■ **Your task**: Return only the lines below starting at the line containing "Motorcycle Club 3" and ending at the line containing "grand ballroom theatre", both included, exactly as they are and with no pictures.

■ **Input for this task**:
......

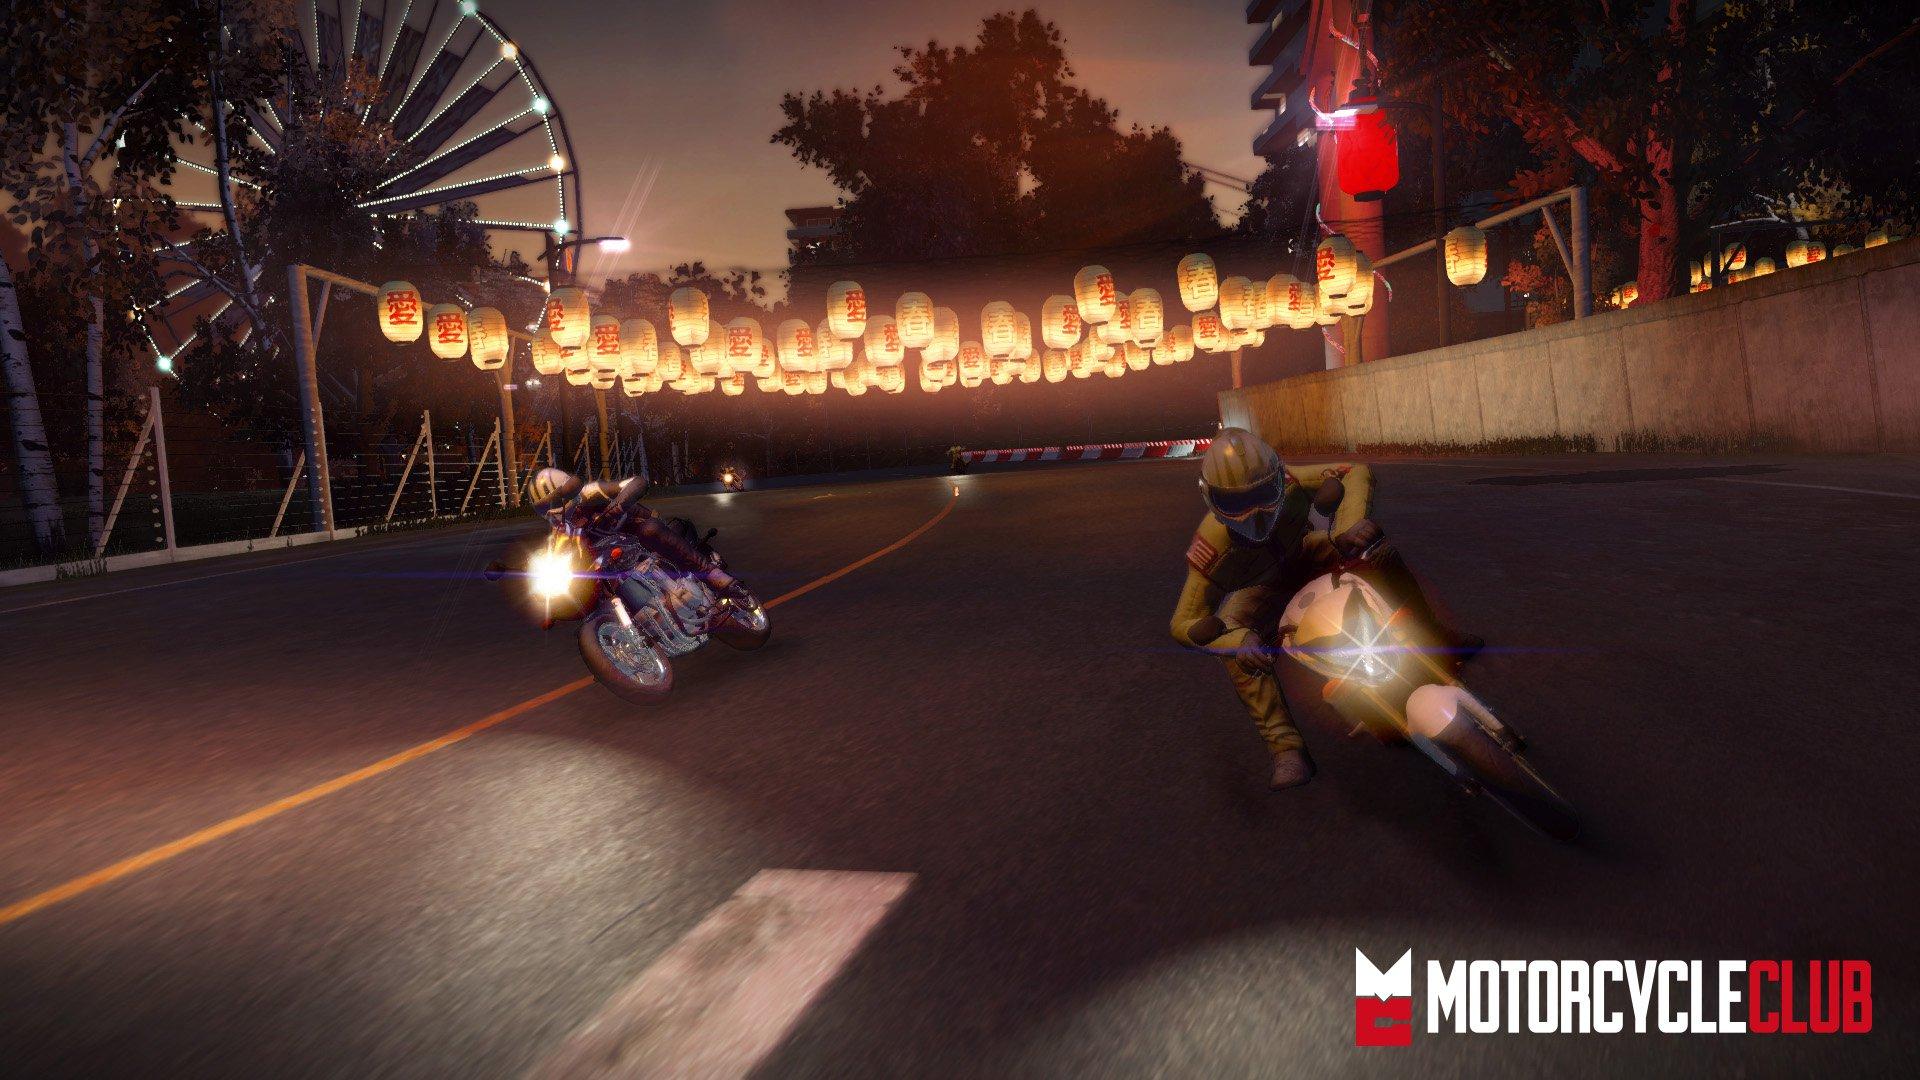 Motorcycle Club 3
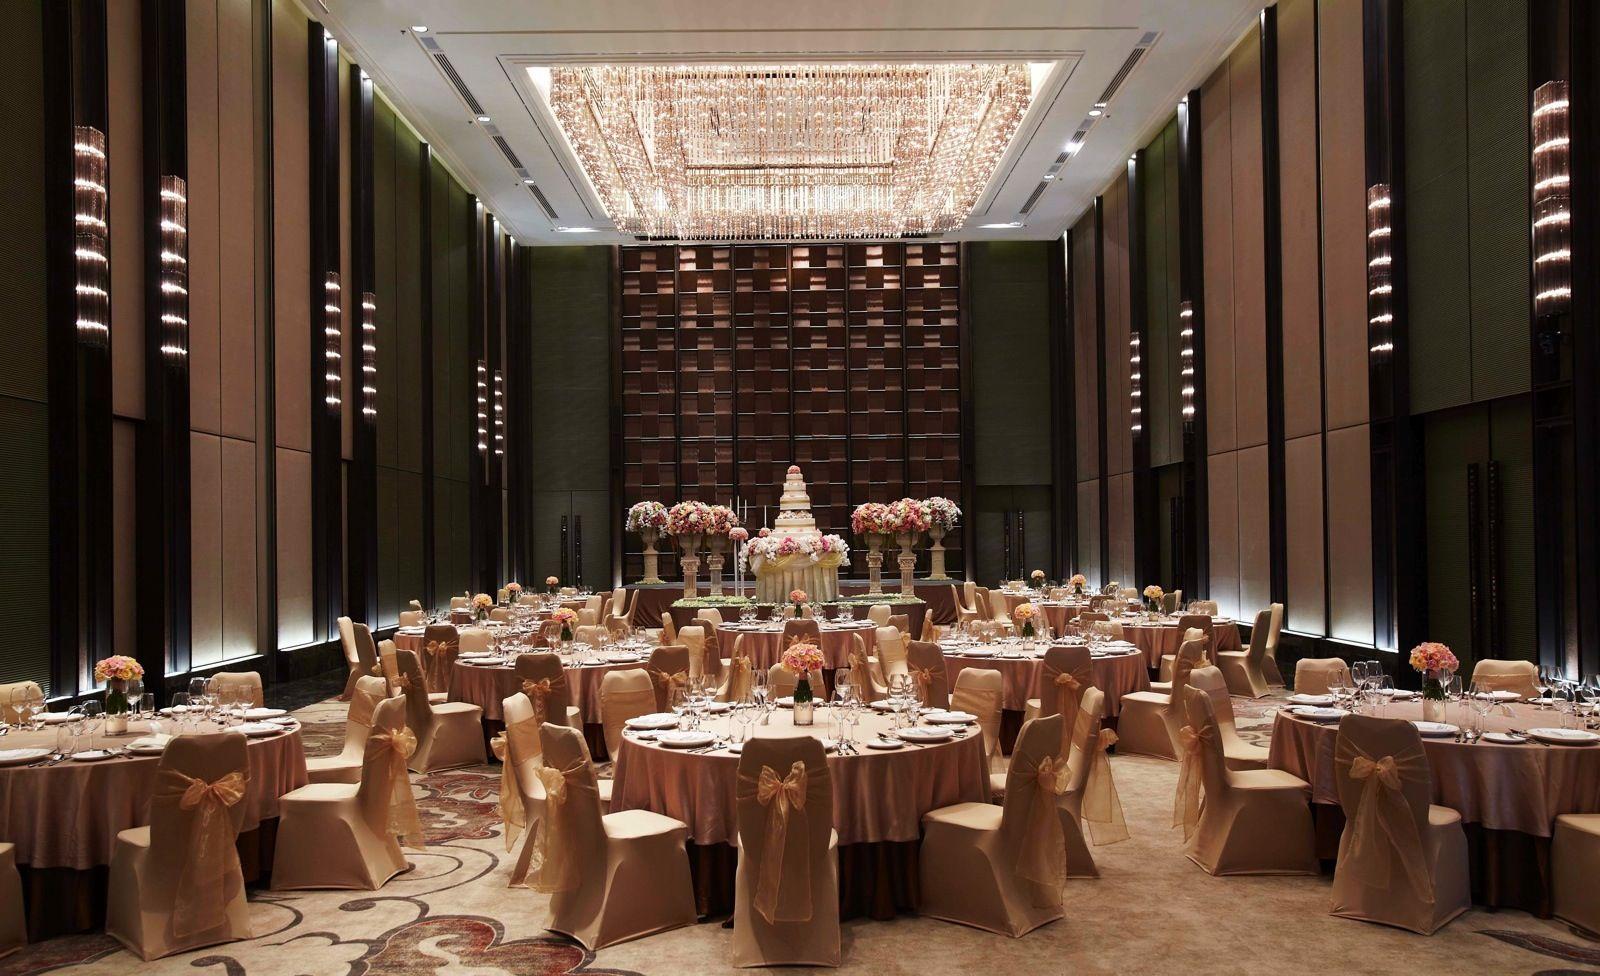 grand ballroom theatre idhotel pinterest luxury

......

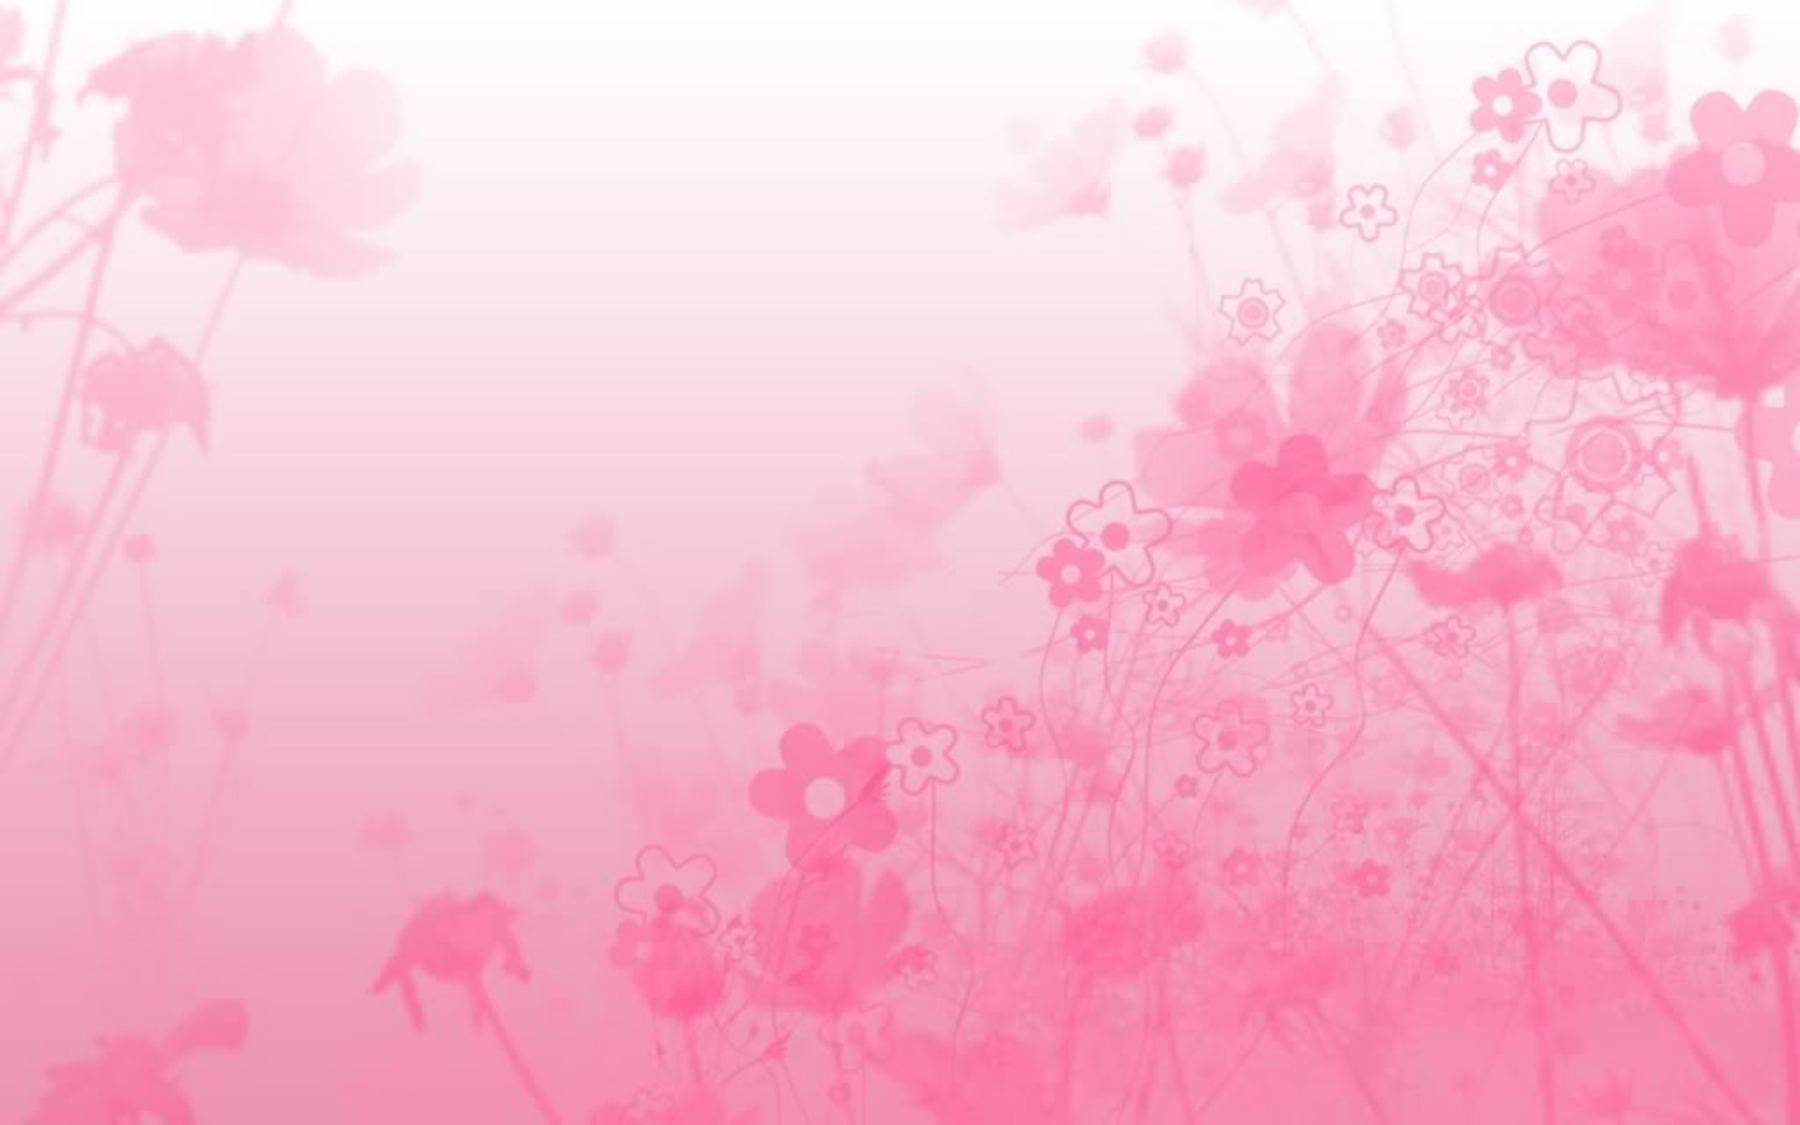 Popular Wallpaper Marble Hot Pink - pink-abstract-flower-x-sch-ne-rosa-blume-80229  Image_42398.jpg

......

■ **Response box**:
 Motorcycle Club 3
 grand ballroom theatre idhotel pinterest luxury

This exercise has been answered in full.